- [Work to be completed] Transcribe the records below exactly as written, from the opening line through the line that contains "EACHSHOT DZ-AMK1 Three-way".

- [Task inputs]

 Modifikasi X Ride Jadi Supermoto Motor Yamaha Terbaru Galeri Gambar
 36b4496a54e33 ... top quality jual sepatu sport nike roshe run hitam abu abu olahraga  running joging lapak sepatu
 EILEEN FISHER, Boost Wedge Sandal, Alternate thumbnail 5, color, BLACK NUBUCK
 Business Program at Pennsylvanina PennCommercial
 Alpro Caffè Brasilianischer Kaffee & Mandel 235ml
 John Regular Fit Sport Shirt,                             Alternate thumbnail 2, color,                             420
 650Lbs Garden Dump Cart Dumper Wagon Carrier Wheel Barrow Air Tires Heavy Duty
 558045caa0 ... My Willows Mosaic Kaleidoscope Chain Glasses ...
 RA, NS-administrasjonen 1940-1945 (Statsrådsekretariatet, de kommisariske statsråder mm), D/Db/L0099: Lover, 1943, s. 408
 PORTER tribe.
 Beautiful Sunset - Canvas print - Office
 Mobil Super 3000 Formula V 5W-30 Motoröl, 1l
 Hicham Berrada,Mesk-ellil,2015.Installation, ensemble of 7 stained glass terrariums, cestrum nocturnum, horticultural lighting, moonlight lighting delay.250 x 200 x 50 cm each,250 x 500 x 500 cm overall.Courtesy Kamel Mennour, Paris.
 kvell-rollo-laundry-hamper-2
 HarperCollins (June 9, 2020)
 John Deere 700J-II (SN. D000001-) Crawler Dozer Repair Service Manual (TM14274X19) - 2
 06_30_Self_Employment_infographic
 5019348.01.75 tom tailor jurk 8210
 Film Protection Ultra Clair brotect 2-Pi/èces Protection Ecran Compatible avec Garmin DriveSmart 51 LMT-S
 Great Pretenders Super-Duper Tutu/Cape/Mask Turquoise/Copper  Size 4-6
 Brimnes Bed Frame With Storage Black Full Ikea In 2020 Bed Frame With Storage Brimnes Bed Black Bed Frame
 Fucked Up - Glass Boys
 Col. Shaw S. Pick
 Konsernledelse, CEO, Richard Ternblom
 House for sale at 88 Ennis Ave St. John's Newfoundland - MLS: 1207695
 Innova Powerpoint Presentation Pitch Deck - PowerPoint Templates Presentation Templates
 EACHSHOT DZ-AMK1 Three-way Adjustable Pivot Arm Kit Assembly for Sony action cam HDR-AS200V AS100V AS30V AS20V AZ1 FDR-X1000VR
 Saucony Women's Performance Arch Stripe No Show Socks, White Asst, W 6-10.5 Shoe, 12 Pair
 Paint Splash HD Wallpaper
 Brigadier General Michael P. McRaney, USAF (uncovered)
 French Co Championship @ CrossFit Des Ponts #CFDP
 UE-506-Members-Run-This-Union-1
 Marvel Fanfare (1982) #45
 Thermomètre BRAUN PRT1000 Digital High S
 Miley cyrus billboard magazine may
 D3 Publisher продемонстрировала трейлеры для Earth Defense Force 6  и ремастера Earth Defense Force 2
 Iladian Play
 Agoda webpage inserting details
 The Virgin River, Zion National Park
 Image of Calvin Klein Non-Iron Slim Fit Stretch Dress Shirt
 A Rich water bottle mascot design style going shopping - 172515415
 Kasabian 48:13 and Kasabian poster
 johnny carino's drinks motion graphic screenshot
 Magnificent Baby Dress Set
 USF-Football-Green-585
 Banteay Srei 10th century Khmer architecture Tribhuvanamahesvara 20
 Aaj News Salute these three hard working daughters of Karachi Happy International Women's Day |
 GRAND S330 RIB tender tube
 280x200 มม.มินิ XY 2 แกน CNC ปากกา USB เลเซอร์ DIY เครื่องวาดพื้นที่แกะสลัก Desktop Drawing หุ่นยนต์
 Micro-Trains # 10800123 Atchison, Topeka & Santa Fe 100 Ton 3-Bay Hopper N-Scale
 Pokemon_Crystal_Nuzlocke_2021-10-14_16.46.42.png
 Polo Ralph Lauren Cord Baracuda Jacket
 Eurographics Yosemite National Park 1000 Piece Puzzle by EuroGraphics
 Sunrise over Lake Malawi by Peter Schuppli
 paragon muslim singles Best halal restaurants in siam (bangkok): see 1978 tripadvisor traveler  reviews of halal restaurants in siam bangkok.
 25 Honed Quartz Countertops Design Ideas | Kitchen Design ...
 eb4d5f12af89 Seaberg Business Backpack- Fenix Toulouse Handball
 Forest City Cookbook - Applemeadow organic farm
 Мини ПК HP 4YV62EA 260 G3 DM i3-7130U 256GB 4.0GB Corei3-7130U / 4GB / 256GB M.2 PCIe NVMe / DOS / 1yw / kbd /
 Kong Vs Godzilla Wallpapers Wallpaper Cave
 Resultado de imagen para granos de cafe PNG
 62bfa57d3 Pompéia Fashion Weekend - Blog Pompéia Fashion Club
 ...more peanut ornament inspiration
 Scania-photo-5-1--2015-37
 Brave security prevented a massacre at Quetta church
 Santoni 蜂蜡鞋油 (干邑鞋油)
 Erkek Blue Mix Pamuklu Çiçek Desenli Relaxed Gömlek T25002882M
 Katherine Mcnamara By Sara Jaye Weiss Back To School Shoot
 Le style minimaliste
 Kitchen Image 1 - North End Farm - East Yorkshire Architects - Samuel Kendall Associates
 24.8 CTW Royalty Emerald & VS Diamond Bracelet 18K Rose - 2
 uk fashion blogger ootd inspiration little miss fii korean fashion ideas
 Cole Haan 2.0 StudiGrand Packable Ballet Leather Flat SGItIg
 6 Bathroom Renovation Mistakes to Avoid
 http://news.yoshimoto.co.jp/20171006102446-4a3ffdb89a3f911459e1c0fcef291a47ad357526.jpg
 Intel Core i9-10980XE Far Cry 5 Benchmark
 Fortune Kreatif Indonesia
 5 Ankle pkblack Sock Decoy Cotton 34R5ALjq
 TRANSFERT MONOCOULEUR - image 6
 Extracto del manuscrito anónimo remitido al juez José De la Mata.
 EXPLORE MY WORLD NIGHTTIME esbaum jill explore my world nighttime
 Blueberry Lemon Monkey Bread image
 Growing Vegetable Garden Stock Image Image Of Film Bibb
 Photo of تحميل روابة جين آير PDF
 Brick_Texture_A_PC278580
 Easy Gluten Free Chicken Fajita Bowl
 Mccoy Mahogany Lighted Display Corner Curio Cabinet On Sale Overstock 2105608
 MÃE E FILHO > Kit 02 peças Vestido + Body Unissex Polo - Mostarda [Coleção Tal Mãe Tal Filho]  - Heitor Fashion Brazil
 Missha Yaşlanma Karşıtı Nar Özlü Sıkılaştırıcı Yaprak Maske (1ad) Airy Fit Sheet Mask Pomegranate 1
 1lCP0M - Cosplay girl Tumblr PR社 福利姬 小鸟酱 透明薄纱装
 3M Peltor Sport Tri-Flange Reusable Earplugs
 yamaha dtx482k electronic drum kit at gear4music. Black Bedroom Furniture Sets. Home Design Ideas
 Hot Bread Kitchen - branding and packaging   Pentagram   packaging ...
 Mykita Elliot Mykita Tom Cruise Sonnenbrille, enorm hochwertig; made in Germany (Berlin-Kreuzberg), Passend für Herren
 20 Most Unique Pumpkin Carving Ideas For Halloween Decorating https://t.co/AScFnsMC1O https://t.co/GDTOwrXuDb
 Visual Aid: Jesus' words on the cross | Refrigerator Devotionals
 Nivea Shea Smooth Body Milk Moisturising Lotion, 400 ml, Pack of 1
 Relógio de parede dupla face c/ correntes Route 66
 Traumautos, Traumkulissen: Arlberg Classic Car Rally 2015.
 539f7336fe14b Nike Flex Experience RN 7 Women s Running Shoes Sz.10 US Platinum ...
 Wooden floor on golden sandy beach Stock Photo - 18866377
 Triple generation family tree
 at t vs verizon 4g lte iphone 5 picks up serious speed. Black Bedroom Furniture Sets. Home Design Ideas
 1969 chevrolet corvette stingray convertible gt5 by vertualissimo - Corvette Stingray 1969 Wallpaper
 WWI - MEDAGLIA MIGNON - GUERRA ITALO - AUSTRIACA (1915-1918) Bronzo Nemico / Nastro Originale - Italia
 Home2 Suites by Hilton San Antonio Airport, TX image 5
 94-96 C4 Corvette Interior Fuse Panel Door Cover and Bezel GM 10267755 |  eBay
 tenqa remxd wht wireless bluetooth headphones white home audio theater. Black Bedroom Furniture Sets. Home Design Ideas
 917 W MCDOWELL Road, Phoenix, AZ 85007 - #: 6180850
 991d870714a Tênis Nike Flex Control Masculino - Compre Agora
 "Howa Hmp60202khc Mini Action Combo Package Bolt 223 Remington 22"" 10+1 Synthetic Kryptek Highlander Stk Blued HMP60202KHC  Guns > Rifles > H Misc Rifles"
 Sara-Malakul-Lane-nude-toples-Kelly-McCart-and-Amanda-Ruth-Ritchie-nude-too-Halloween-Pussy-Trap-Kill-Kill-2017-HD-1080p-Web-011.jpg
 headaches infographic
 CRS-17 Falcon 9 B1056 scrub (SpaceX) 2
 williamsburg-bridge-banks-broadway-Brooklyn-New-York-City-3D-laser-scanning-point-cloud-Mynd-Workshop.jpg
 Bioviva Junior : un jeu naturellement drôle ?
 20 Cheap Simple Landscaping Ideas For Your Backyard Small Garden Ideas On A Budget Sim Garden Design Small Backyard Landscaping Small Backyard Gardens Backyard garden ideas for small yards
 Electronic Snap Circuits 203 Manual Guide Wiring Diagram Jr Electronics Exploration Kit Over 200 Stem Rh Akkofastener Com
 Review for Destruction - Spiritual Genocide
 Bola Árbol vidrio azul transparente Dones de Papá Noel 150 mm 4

- [Result of this exercise]
 Modifikasi X Ride Jadi Supermoto Motor Yamaha Terbaru Galeri Gambar
 36b4496a54e33 ... top quality jual sepatu sport nike roshe run hitam abu abu olahraga  running joging lapak sepatu
 EILEEN FISHER, Boost Wedge Sandal, Alternate thumbnail 5, color, BLACK NUBUCK
 Business Program at Pennsylvanina PennCommercial
 Alpro Caffè Brasilianischer Kaffee & Mandel 235ml
 John Regular Fit Sport Shirt,                             Alternate thumbnail 2, color,                             420
 650Lbs Garden Dump Cart Dumper Wagon Carrier Wheel Barrow Air Tires Heavy Duty
 558045caa0 ... My Willows Mosaic Kaleidoscope Chain Glasses ...
 RA, NS-administrasjonen 1940-1945 (Statsrådsekretariatet, de kommisariske statsråder mm), D/Db/L0099: Lover, 1943, s. 408
 PORTER tribe.
 Beautiful Sunset - Canvas print - Office
 Mobil Super 3000 Formula V 5W-30 Motoröl, 1l
 Hicham Berrada,Mesk-ellil,2015.Installation, ensemble of 7 stained glass terrariums, cestrum nocturnum, horticultural lighting, moonlight lighting delay.250 x 200 x 50 cm each,250 x 500 x 500 cm overall.Courtesy Kamel Mennour, Paris.
 kvell-rollo-laundry-hamper-2
 HarperCollins (June 9, 2020)
 John Deere 700J-II (SN. D000001-) Crawler Dozer Repair Service Manual (TM14274X19) - 2
 06_30_Self_Employment_infographic
 5019348.01.75 tom tailor jurk 8210
 Film Protection Ultra Clair brotect 2-Pi/èces Protection Ecran Compatible avec Garmin DriveSmart 51 LMT-S
 Great Pretenders Super-Duper Tutu/Cape/Mask Turquoise/Copper  Size 4-6
 Brimnes Bed Frame With Storage Black Full Ikea In 2020 Bed Frame With Storage Brimnes Bed Black Bed Frame
 Fucked Up - Glass Boys
 Col. Shaw S. Pick
 Konsernledelse, CEO, Richard Ternblom
 House for sale at 88 Ennis Ave St. John's Newfoundland - MLS: 1207695
 Innova Powerpoint Presentation Pitch Deck - PowerPoint Templates Presentation Templates
 EACHSHOT DZ-AMK1 Three-way Adjustable Pivot Arm Kit Assembly for Sony action cam HDR-AS200V AS100V AS30V AS20V AZ1 FDR-X1000VR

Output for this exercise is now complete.